Light—fey and feral—came into three pairs of eyes.
“Yes,” Bilbo whispered, awed by his own idea, and turned his sparkling gaze to her. “We’ll help you. Let’s braid his whole hair.”
She only hesitated for a moment—there was indeed a bridal hairdo that she had been eyeing and fantasising about for some time. Unfortunately, none of her clients or colleagues had the time or the patience to sit as a model for it.
“I know just the thing,” she grinned and started to explain her design quietly.
By the time Thorin came to, his hair sported a ludicrous but handsome coiffure that charmingly blended 18th century wigs and ancient Greece’s most elaborate labyrinths.
“Hmmm?” he grumbled and shook his head, freezing when he did not feel his hair swish against his shoulders and back.
“What do you think?” His nephew—who had retrieved a mirror in the meantime—held up the looking glass, visibly biting his tongue to stifle his laughter.

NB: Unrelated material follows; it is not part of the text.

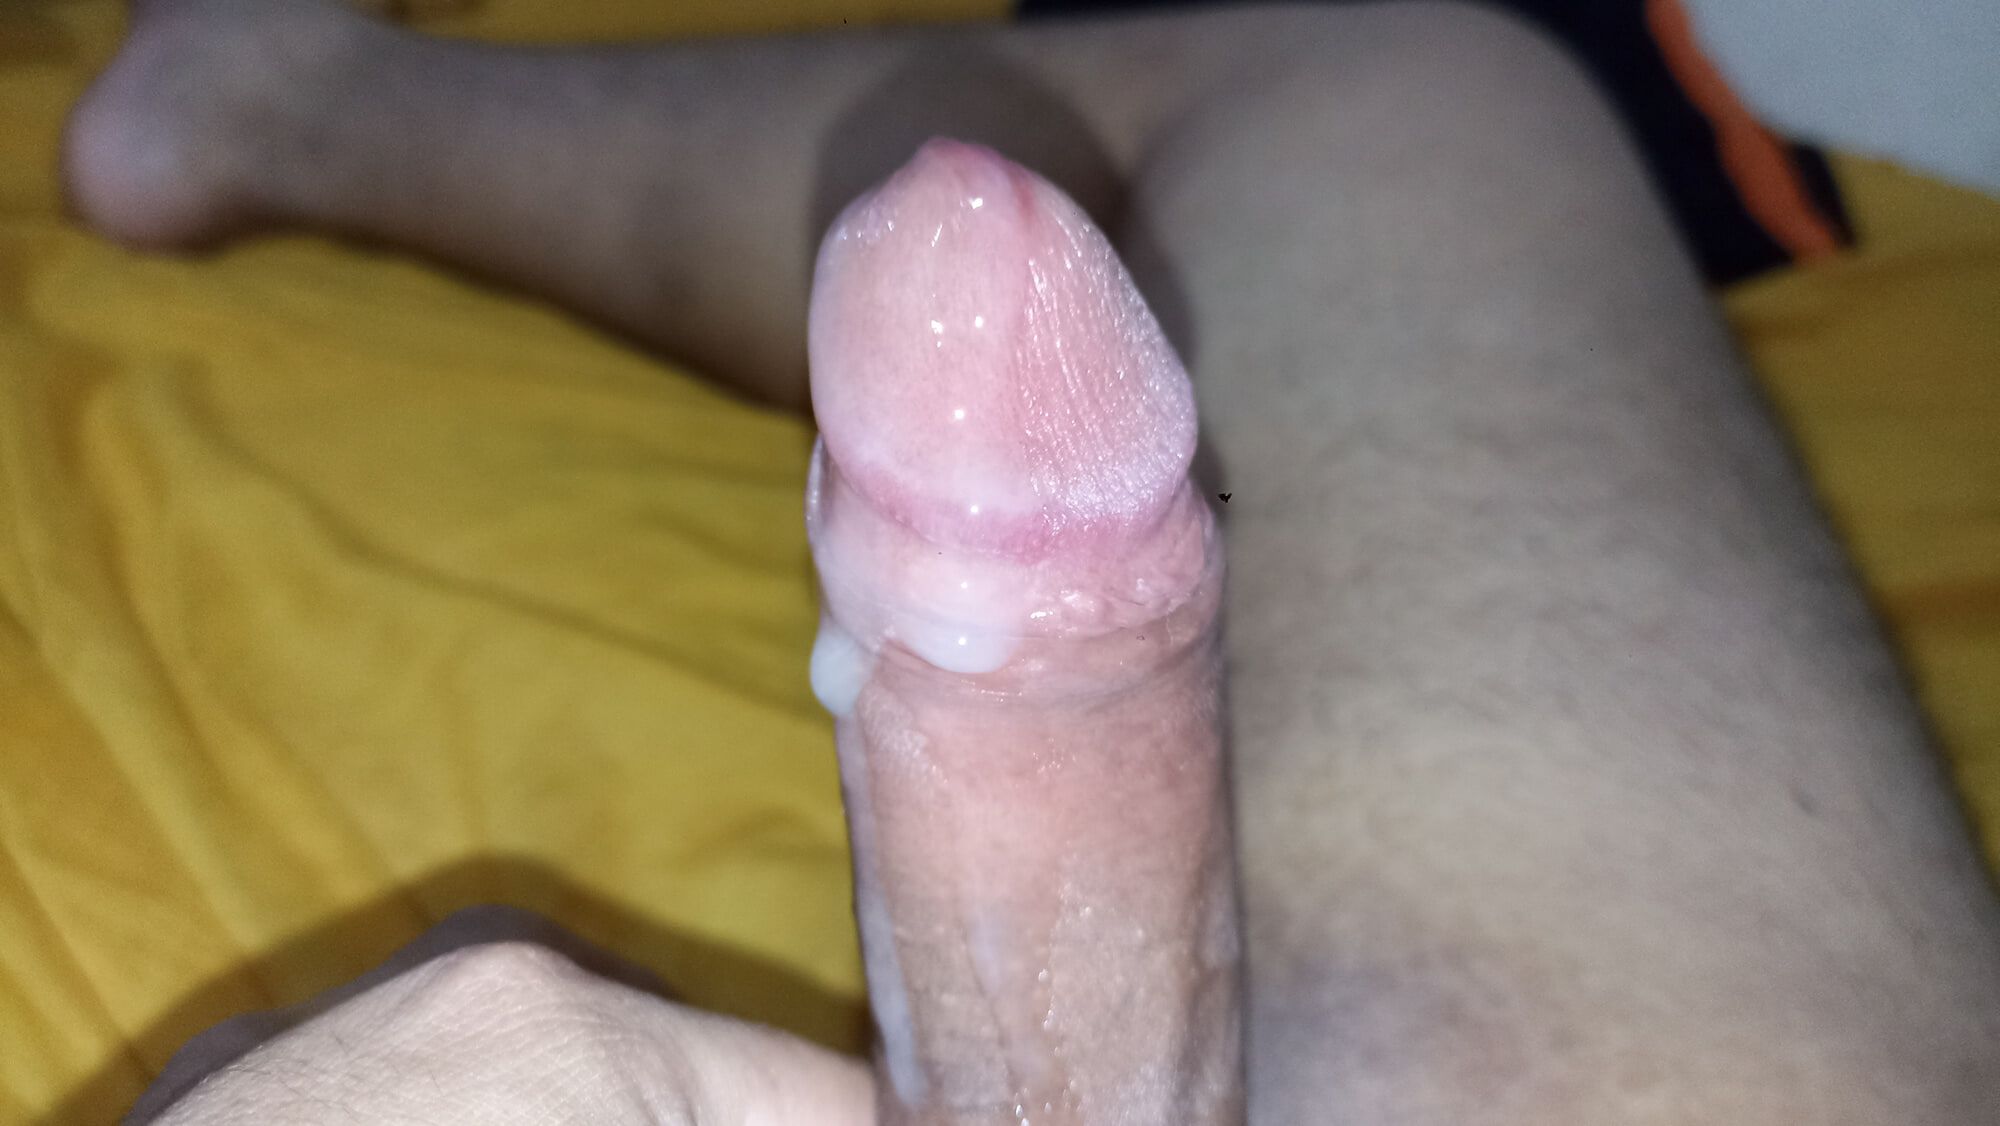 My penis ejaculating rich semen 5 #7

“What did you do? Why do these braids say that I am an unmarried, livestock-breeding, off-spring producing, dam-seducing, bread-baking tanner?” Thorin roared.
“I…I’m sorry. I didn’t know…they didn’t tell me,” the hairdresser stammered, sure that she would be sent to the dungeons or beheaded by an axe for her trespass.
Thorin let his fingers follow the intricate pattern of braids. His face changed from bewilderment to awe.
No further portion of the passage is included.